While Johnny was up north hanging out with Ian for a week, I was home making wreaths.  Here's hoping I'm better at this next year. Of course, Jim, from whom we've bought wreaths for Christmas gifts for most of the 25 years he has been making them, may not have a statice flower crop failure two years in a row and could be back to making lots of wreaths next year. But now that I've sort of learned what I'm doing, I may want to do it every year. Or not. There have been setbacks.
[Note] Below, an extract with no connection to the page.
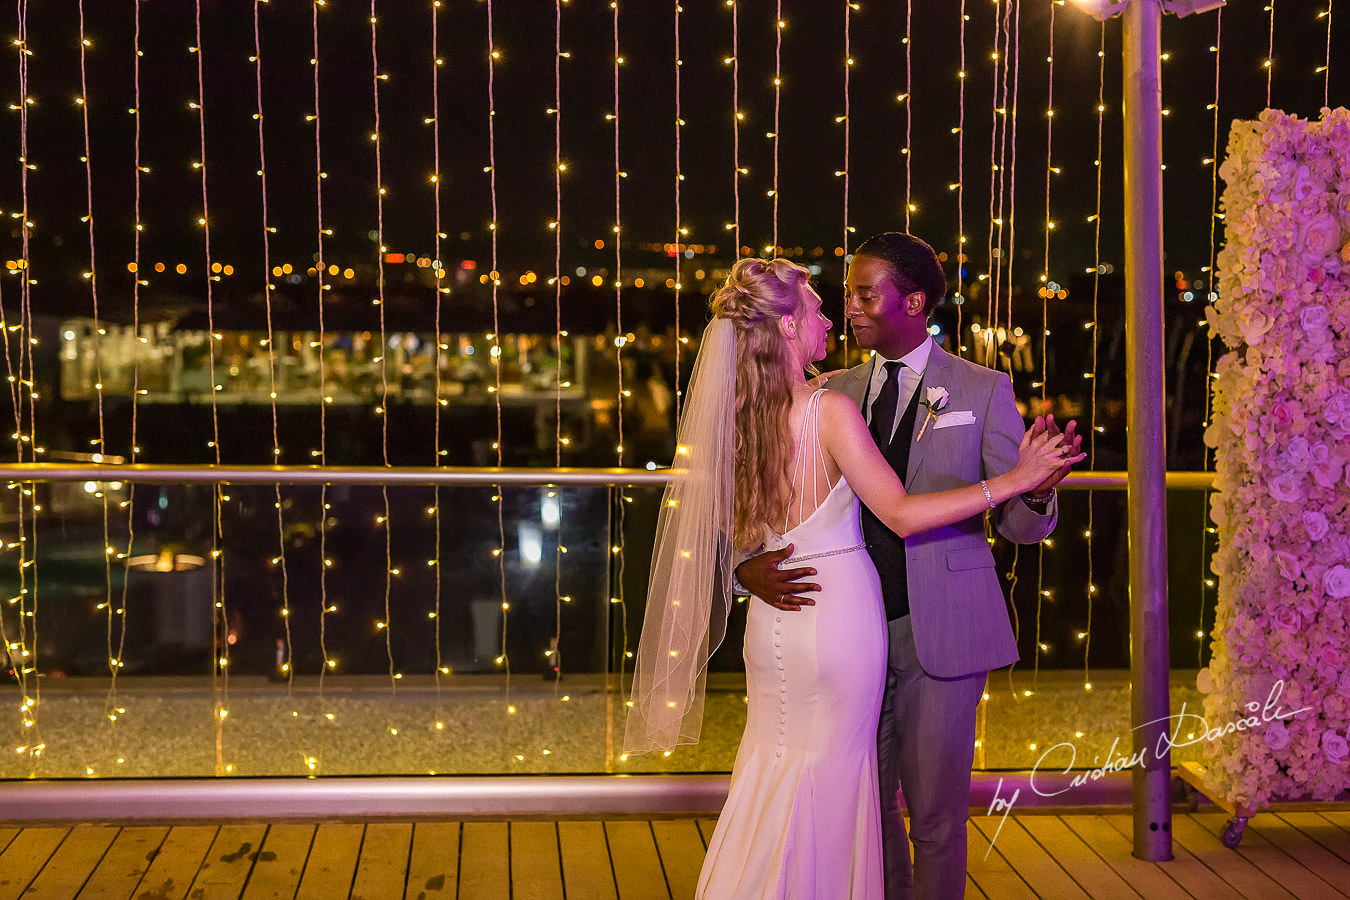 Wedding moments captured at an Exquisite Wedding at Asterias Beach Hotel. Photography by Cyprus Photographer Cristian Dascalu.

All the flowers from our garden that I dried this summer are not going into my wreaths. They look like, well, dead flowers. But the greens are all from our farm and look fine. I just wish I had more than one Noble Fir. Besides Noble Fir, I am using Douglas Fir, Giant Sequoia, Modoc Cypress and a pine that is not Japanese Black Pine but I thought it was. The cones are Sitka Spruce from an area on the coast where I survey Black Oystercatchers. Since I have no flowers or holly to complement the greenery, I am incorporating rose hips from neighbor Irv's wild roses. He has a variety that I don't have... bright red and huge.

But, alas, the hips started to go soft after I had them in wreaths so I had to pull some out. I planted those in the arboretum in hopes of getting them started here. My wild roses have little, rotting hips. I researched on the Web and learned that I could preserve rose hips for wreaths by coating them with clear furniture wax. I rummaged through the cupboard and found some... from who knows how long ago. (I can't remember the last time I waxed a floor.) Since the rose hips were already in wreaths, I could not dip them as recommended. I painted them instead. Here's hoping it works.
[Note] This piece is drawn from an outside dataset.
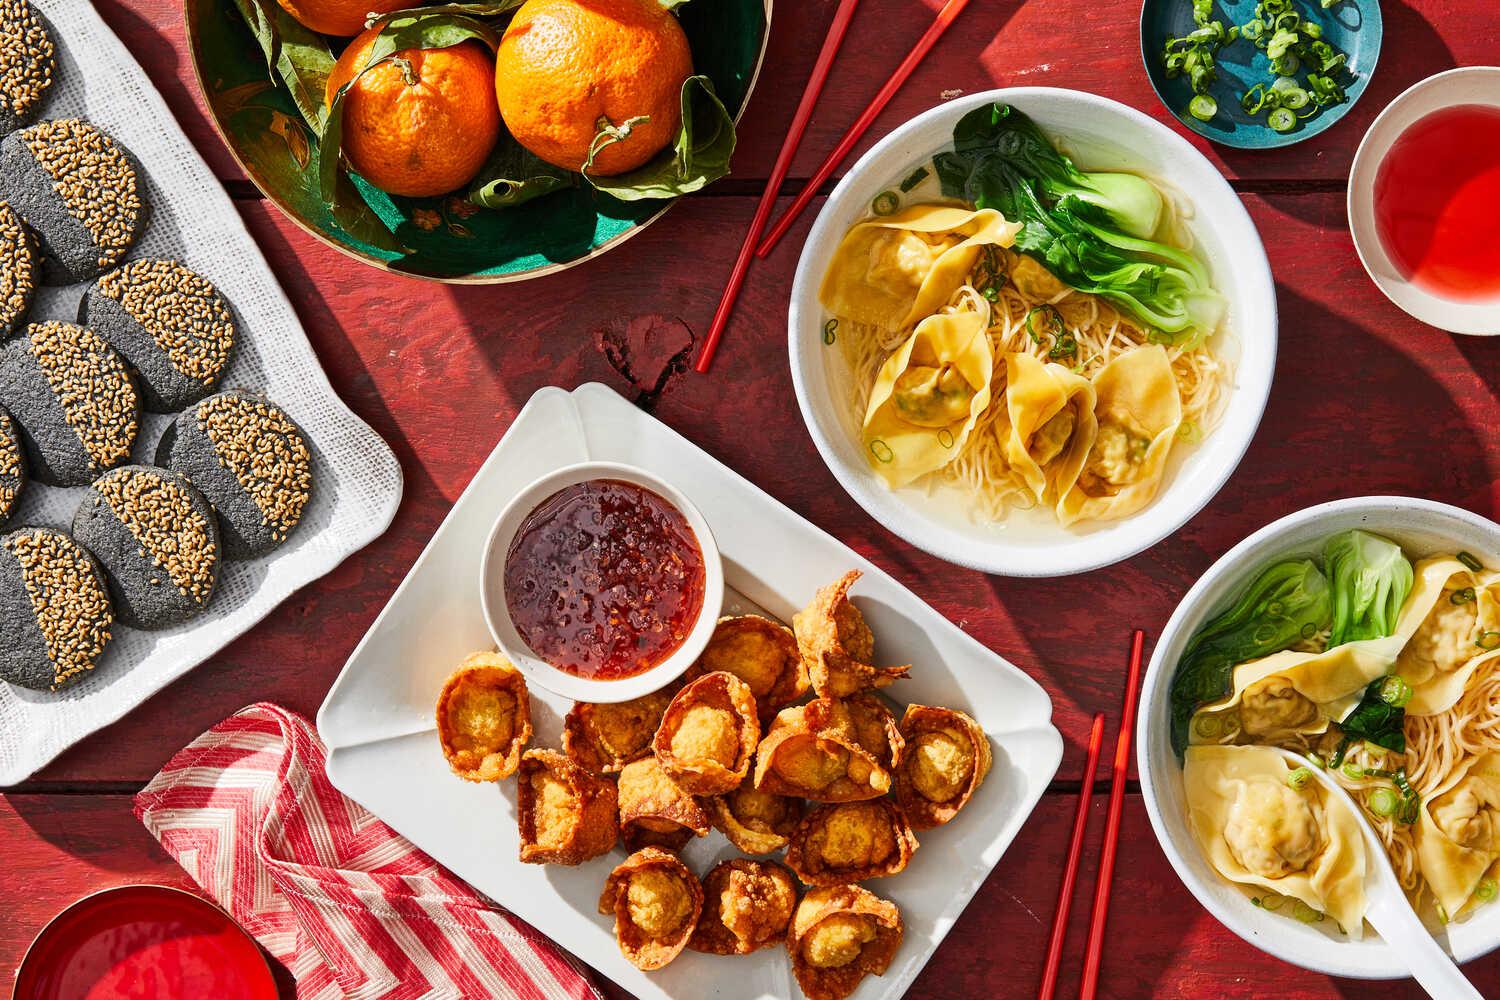 A Chinese New Year spread of food including black sesame cookies on a white platter, mandarin oranges in a bowl, fried wontons with dipping sauce on a plate and two bowls of wonton noodle soup.

My workshop is my dad's stock trailer that he gave me years ago. Johnny created a work table and shelves and a way to hang the wreaths from the side. It's a wonderful place to work.

Each type of green had to be cut from its branch in lengths and sizes appropriate for a wreath. That was done outside the workshop, then I brought the boxes with each type of green inside.
My non-conventional method of adding rose hips is to use an entire branch and wind it around the wreath ring, then add greens on top. At least, that's how I started. After awhile I started with a layer of sequoia, then the rose hips, then the rest.
This was before I wired cones into the wreaths.
The production line after twenty wreaths were done... and redone... and redone...
Johnny modeling a finished wreath. At least, finished for this day. I can't seem to stop messing with them.
I read that with a wreath ring clamping machine, a person can make 80 wreaths in a day. My wreath rings are lightweight affairs with easily bendable closures needing no machine. I average an hour per wreath and have made no more than four in one day. As much as I like working in the stock trailer, my patience wears out quickly, as does my body.

Family and friends who get Jim's wreaths from us each year will be a little surprised at the difference this year. My wreaths are, um, unique. I just hope those rose hips don't rot before January.